One of the first things they had to do, if they would increase in London — and he thought they ought to — was to see that there was the work to be done, and they were “the boys to do it.” Let them believe in the work to be done, and get forever rid of that intolerable nonsense often entertained — the idea that if anybody came within a mile of them they were opposed.
They should believe that in ten years’ time they would be ten times their present number, and then establish three or four chapels in districts where now there was only one. It was really disgusting that any brother should be frightened about another chapel coming within a mile of him in such a city as London. They might go and put up a whole street of them around the Tabernacle, if they liked.
The next idea of which they must get rid was that in order to preserve their own strength they must not have surrounding stations. As if the heart could afford to store its own blood without dying. Send it out; let them deplete themselves and grow strong, believing in the infinite God being with them, so that all the streams running out would make more room for the infinite God to pour in. In giving out they would increase and multiply. They must get rid of the notion that they did not get on because there was someone else too near them. The reason must rather be that they themselves had nothing in them, or were in their wrong places and ought to get out. In spite of such statements, while they had fighting they could not help the people who were ill. They must take them to the hospitals. He meant by God’s help to do his share in the work, and intended to take every room he could hire, whoever it might affect, and he accordingly then gave notice of his determination to send men to those rooms when taken to preach the gospel, for they would not have respect to such insane ideas that there was not room for all amidst so vast a population. A great number of the deacons who attend public worship regularly ought never to listen to preaching, but ought to preach themselves. There was a great amount of such idle talent in the Churches, and such men ought to be turned out neck-and-crop, and made to preach. He sometimes thought of such friends, and wondered how God Almighty could have patience with them sitting to hear him preach when they might preach as well if they tried, only they could not get them at it.
He urged the great need for cultivating the speaking power of the young, and said that every church should give good opportunities to its young men, not for fine, deep speeches, but for the winning of souls. Now, as to getting hold of artisans, he thought he had a fair proportion of all sorts of people in the world in his congregation, excepting the nobility, whom God had given up. It was the hardest thing in all the world for God to make a nobleman into a Baptist, and it was a rare thing to happen. It would be a rare fine thing to appoint Dr. Landels to go and evangelize that class of society. The artisans would come; but still there was the great fact that they were not got at in many populous parts of London. They might make a practical test by selecting the best men they knew, not for mere talent or oratory, but the best for getting at the people, with sword in hand, going down to the people; and saying to such men, “Now you have to build a chapel in a certain district.” He thought they had forty places of worship built in London, mainly by the young men of the Pastors’ College, and what could be done by them could be done by others.
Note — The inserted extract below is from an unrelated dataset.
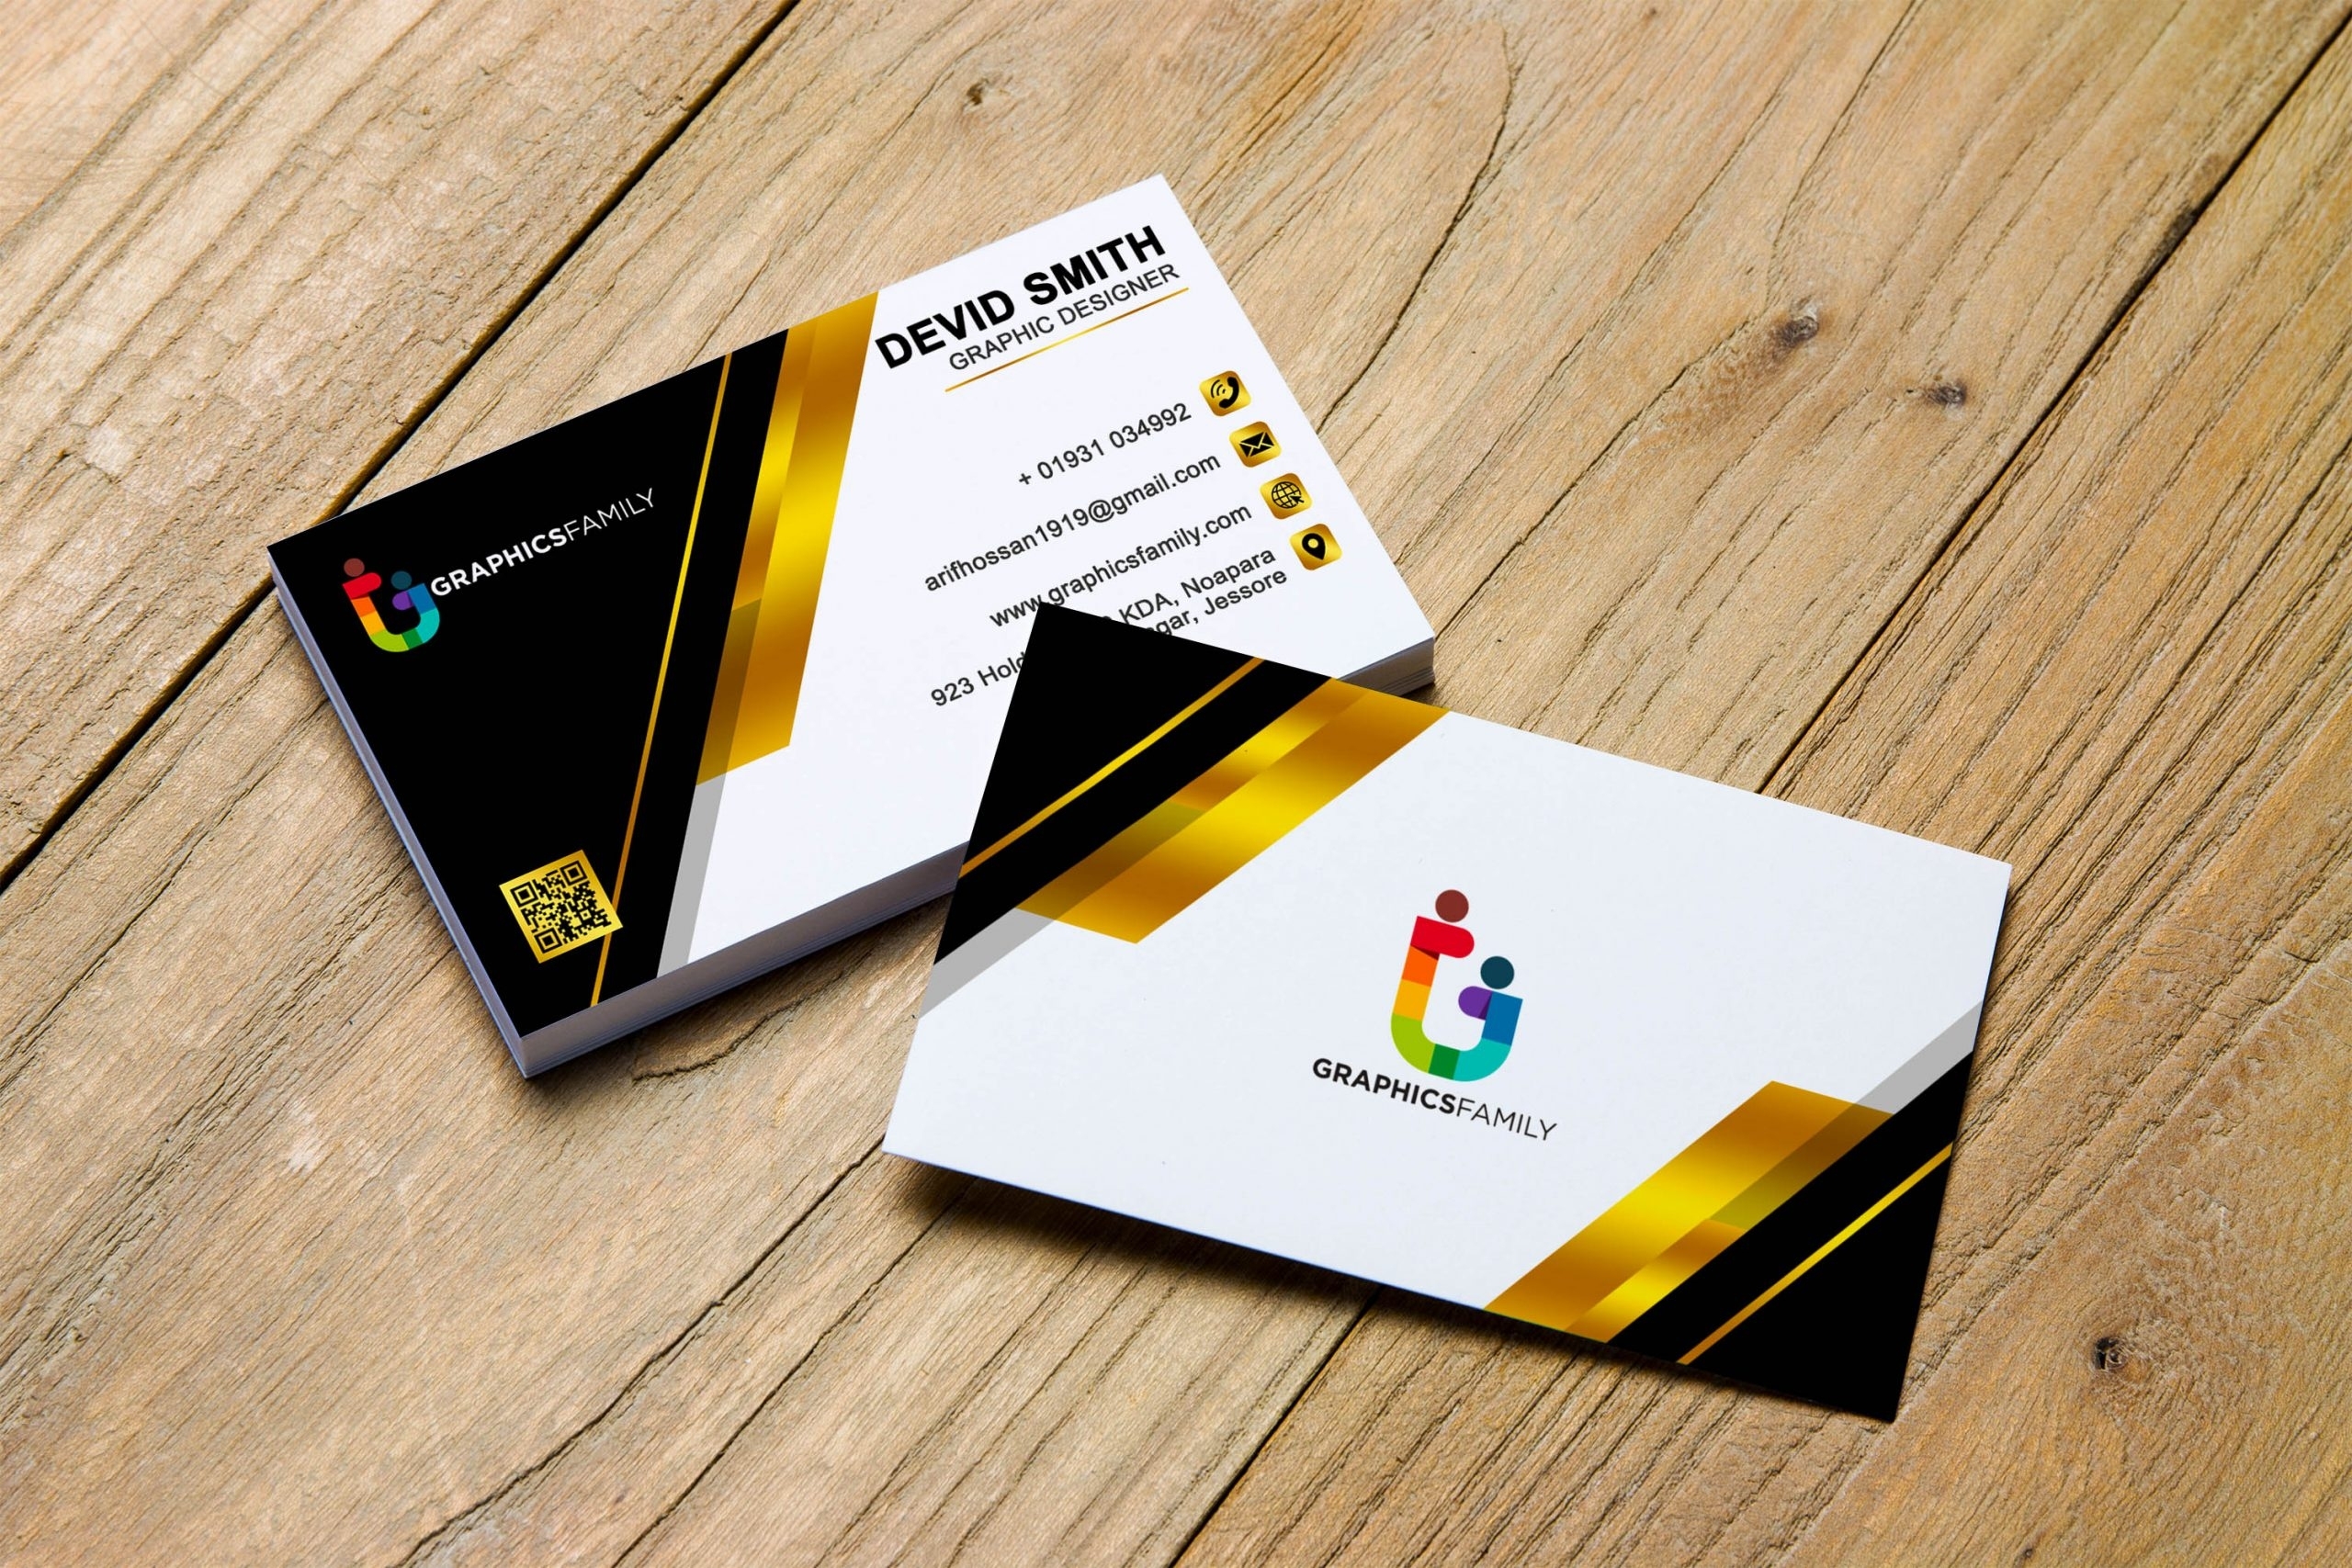 Free Accounting Analyst Business Card .Psd Template – Graphicsfamily Intended For Free Business Card Templates In Psd Format

He said to his young men, “You go down to so-and-so, and never show yourselves again until you have established a chapel. Hang on by your hands, and then by your teeth, and then by your eyebrows. I will find money to keep you in breadand- cheese. You have to establish a self-supporting cause, and do not come back till you have done it.” There were at Bermondsey, for instance, thousands of people who never attended a place of worship at all, and there a tent had been erected and services held. It did not strike the people to go to a place of worship. They did not understand some of the preachers enough; they did not talk Saxon enough. Let them do so, and knock the people straight down with Christian experience, so that when they saw the preacher’s joy and peace in believing, they might say there was something in it after all. They could get to all London if they were alive.
One more word. They must keep their ministers right. Some of their ministers were half starved. They could not win souls for fretting about the children’s socks, and troubling about how to pay the rent. A minister could not give his soul to preaching in such circumstances, and, if he could, God would say, “I will never bless that church who treat a man like that — one who is my servant; and while having luxuries themselves they cannot find him in necessaries.” A friend had said he did not believe God would save souls by the ministry of a man getting less than £150 a year. He did not believe that, but he believed in the philosophy at the bottom of it. A minister ought to be willing to suffer poverty to win souls if necessary, but the church should not permit him so to suffer. He wished no ministers had the excuse for being dull in preaching because the cupboard was empty. In conclusion he exhorted the deacons and elders to more active exertions in the service of the church. Let all the ministers preach better, more plainly, more intensely, and encourage their young men to be at it. Would that all the servants of God were prophets. If they wanted to be a king, let them try and make everybody else a king too.